Gary A. Newberry - Senior VP & COO
No, it wasn't surprising at all. We expect that, actually. We knew that inventory was there. We've known it for some time. We've worked hand-in-hand with other operators, RSP specifically now. Their assets are loaded into (inaudible). They did a lot of work around proving up the A/B. We knew it was there. We now prove it ourselves, as with the work that we did. So we always just had the Lower Spraberry just little bit better and that's why we're focused on it to this point. And we always looked that as an opportunity we can come back to. But now that we're in mega-pad development, we've got the infrastructure in place. That's something that's very compelling to us, as we think about our long-term development plans going forward.
Operator
Our next question comes from Kevin MacCurdy with Heikkinen Energy Advisors.
Kevin Moreland MacCurdy - Partner and Exploration and Production Research Analyst
Just one question for me. Can you remind us how many gross on that locations you have in Spur after the acquisition? And does that number include the Wolfcamp C?
Joseph C. Gatto - President, CEO & Director
See I don't know if -- I'll try to pull that out, but the number that we carry in our delineated inventory does not include the C just yet. And while we came out with, I think, roughly 169 net locations with the acquisition and the A and the B with the acquisition, but what its -- we're pulling up a chart, Gary, if you have in front of you. We haven't broken out that way. Kevin, remind me to get back to you on that. I'm not sure if we have that in front of us.
Joseph C. Gatto - President, CEO & Director
Yes, without the integration, I couldn't tell you the number. Yes
Kevin Moreland MacCurdy - Partner and Exploration and Production Research Analyst
Would you then try to guess how many -- okay, that's fine. Would you venture to guess how many Wolfcamp C locations you could potentially have on that acreage?
Joseph C. Gatto - President, CEO & Director
Yes. I would say there's going be close to -- it's not -- it wouldn't surprise me if it's close to 80 to 100. You asked me to guess, I can give you a guess.
Operator
And this concludes our question-and-answer session. I'd like to turn the conference back over to Joe Gatto for any closing remarks.
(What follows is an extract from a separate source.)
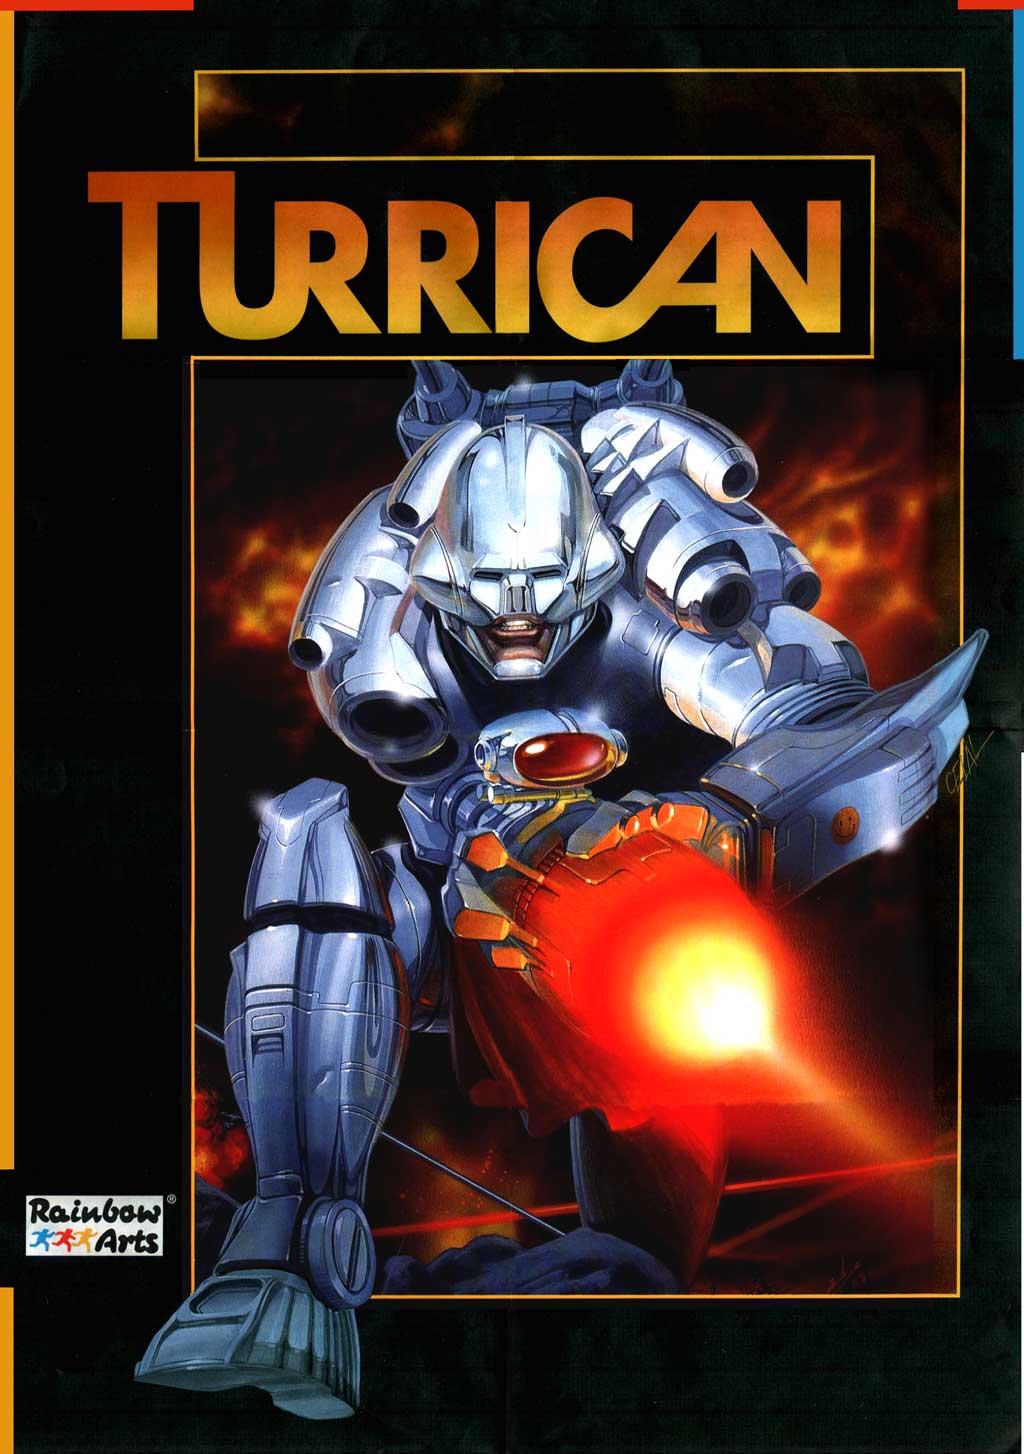 turrican1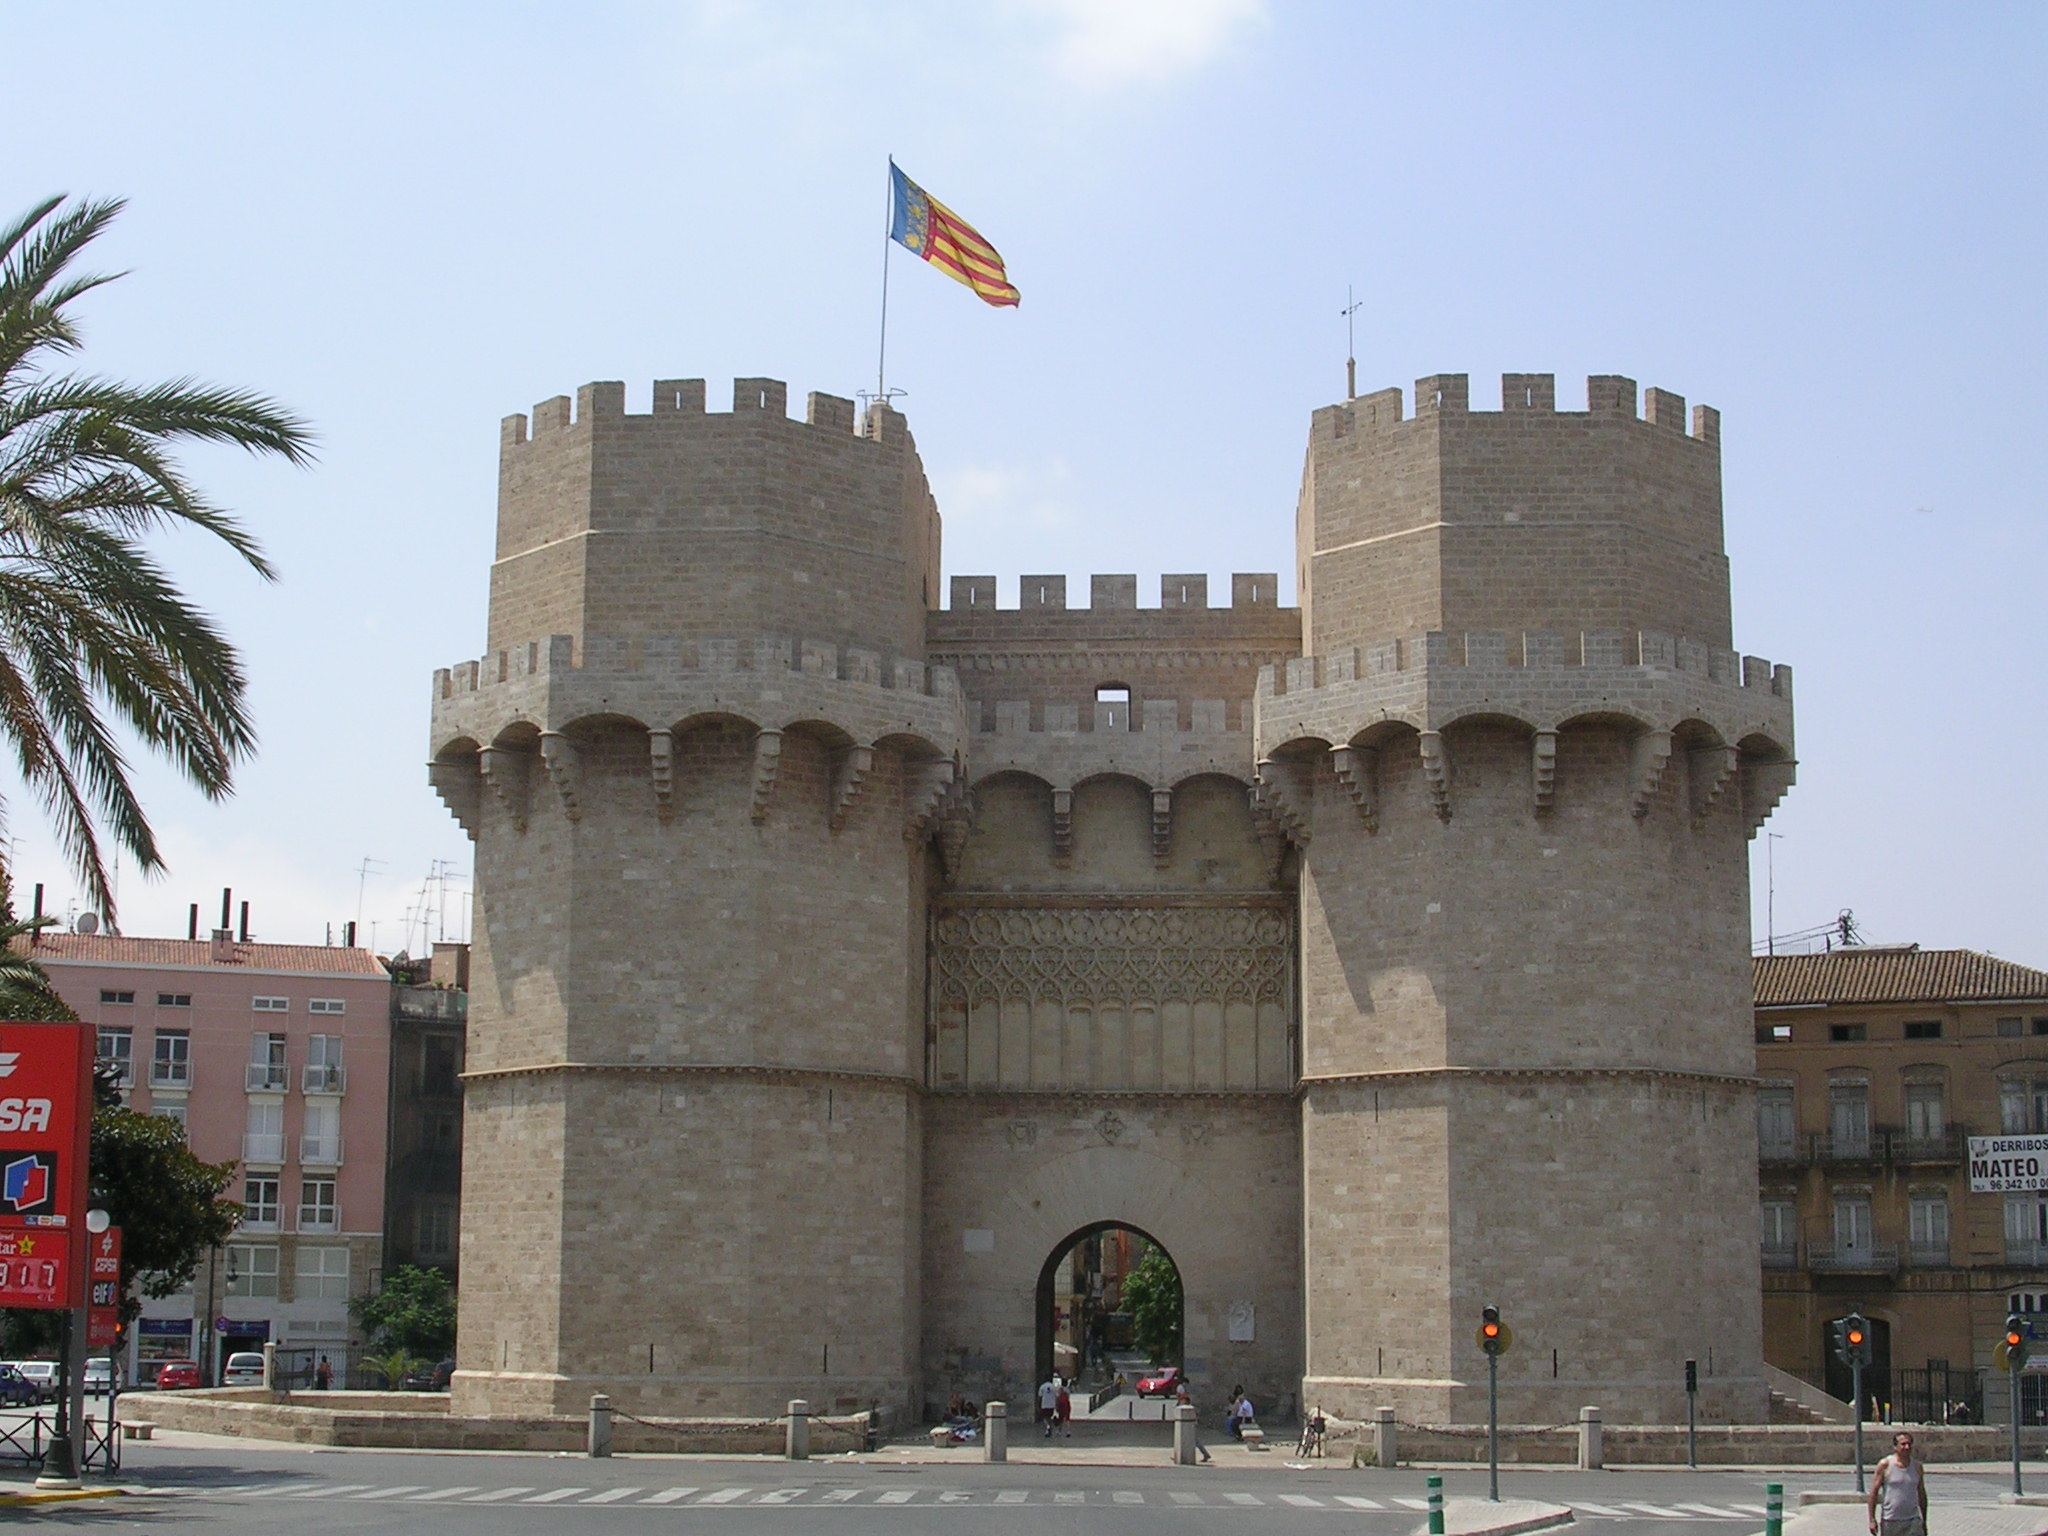 torres_de_serranos_28valencia29

Joseph C. Gatto - President, CEO & Director
Thank you, And thanks, everyone, for joining us to talk about second quarter, one that we're certainly very pleased with. It's all production growth and building a lot of momentum into the back of the year. Certainly, we're looking forward to integrating the pending acquisition, and we look forward to giving you an update in the coming weeks on that. Thanks, again.
Operator
The conference has now concluded. A replay of this event will be available for one year on the company's website. Thank you for attending today's presentation. You may now disconnect.